Scenario 2 validated the covariance *formula* at a fixed $\lambda$, but the $\lambda$ we use is estimated from data, and `vcov()` treats $\lambda$ as fixed. As such, it does not propagate the uncertainty in $\hat{\lambda}$ into $\hat{\Sigma}_\gamma$. Additionally, choosing $\lambda$ on the same data used to estimate the item parameters induces finite-sample bias in those estimates (and, in principle, anti-conservative intervals). Split-sample (cross-fit) $\lambda$ estimation removes that bias.

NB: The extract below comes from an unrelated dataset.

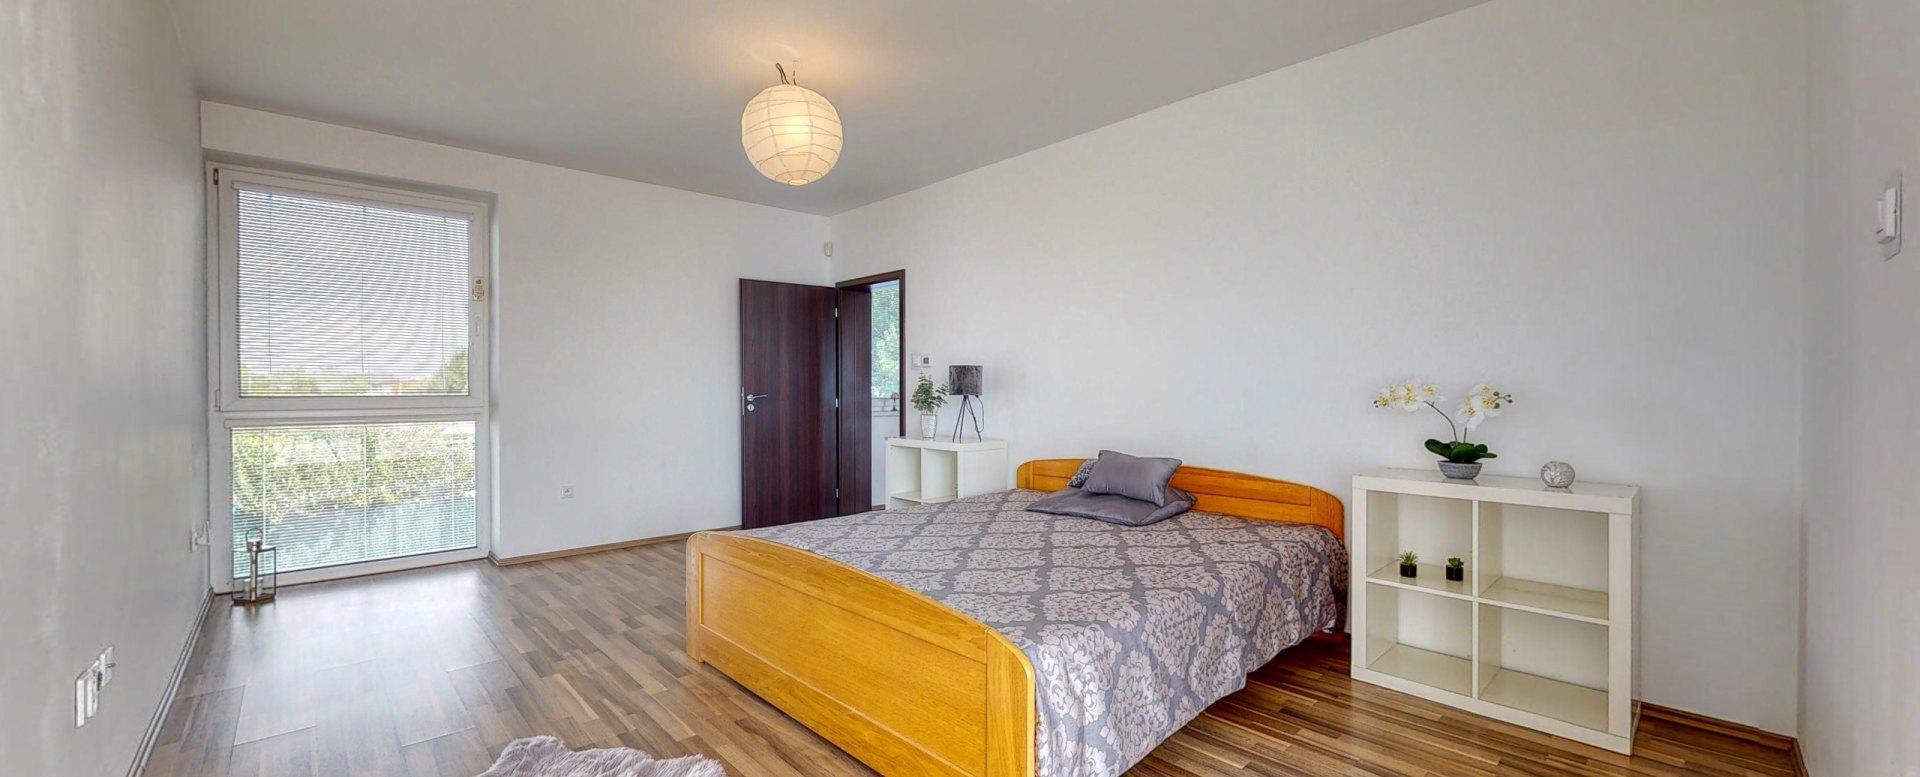 Pohľad na manželskú posteľ, okno a vstup do spálne

This scenario measures the size of the effect by comparing coverage of the true item parameters at three operating points: fixed $\lambda$ = 0.5, the same-data tuned $\hat{\lambda}$ with `vcov(best_fit)`, and the cross-fit tuned $\hat{\lambda}$ with `vcov(final_fit)`. It reuses the Scenario 2 seeds, so the fixed-$\lambda$ column reproduces Scenario 2 exactly.

```{r coverage-tuned-table}
ct <- load_summary("coverage_tuned")
if (is.null(ct)) {
  ct <- data.frame(
    label        = c("R1 perfect (F=Y)", "R2 same-DGP draw",
                     "R3 independent noise", "R4 LLM shift"),
    lambda_sd    = c(0.751, 0.116, 0.053, 0.103),
    lambda_xf    = c(0.859, 0.135, 0.074, 0.130),
    fixed_95     = c(0.955, 0.957, 0.961, 0.954),
    samedata_95  = c(0.955, 0.956, 0.958, 0.958),
    crossfit_95  = c(0.953, 0.956, 0.958, 0.958),
    bias_a_fixed    = c(0.0097, 0.0280, 0.0365, 0.0207),
    bias_a_samedata = c(0.0063, 0.0224, 0.0286, 0.0159),
    bias_a_crossfit = c(0.0051, 0.0222, 0.0289, 0.0166)
  )
}
show_cols(ct, c("label", "lambda_sd", "lambda_xf",
                "fixed_95", "samedata_95", "crossfit_95"),
          caption = paste("95% coverage rates of the true item parameters at the",
            "fixed, same-data-tuned, and cross-fit-tuned λ (200 reps).",
            "lambda_sd / lambda_xf are the mean selected λ for each tuner."))
```

And the matching item-parameter (discrimination) bias:

```{r coverage-tuned-bias}
show_cols(ct, c("label", "bias_a_fixed", "bias_a_samedata", "bias_a_crossfit"),
          caption = paste("Mean discrimination bias E[a-hat - a] at each operating",
            "point. Same-data vs cross-fit differ by <= 0.001 except R1."))
```

**Takeaways.**

- Same-data tuning produces nominal coverage (95% coverage 0.955–0.958), and the finite-sample bias is small: same-data vs. cross-fit discrimination bias differ by $\leq 0.001$ in every regime except R1.
- Cross-fitting removes bias in the perfect predictor (R1), but this bias is small.
- Cross-fitting gives the same coverage (0.953–0.958) while also guarding against finite-sample tuning bias.

Cross-fitting is the principled default, despite the same-data tuning performing well. It is guaranteed free of the finite-sample tuning bias.

## Summary

| Question | Result |
|----------|--------|
| Does $\lambda$-selection track predictor quality? | Yes: better predictors select higher $\lambda$ |
| Do standard errors achieve appropriate coverage? | Yes: nominal coverage, including under a biased predictor (R3/R4) |
| Does the method improve downstream scoring? | No average harm demonstrated and per-rep improvement in about half of reps |
| What is the role of cross-fitting? | Cross-fitting removes finite sample bias, despite reporting similar bias/RMSE/coverage |
| Is coverage valid at the tuned $\lambda$? | Yes |


## Reproducing these results

From the package root (second argument is the number of cores):

```r
# Rscript simulations/run_lambda_selection.R 100 8
# Rscript simulations/run_coverage.R 200 8
# Rscript simulations/run_downstream.R 100 8
# Rscript simulations/run_crossfit.R 50 8
# Rscript simulations/figures.R
```

See `simulations/README.md` for the full design, the deterministic per-task seeding (results are identical serially or in parallel), and interpretation notes.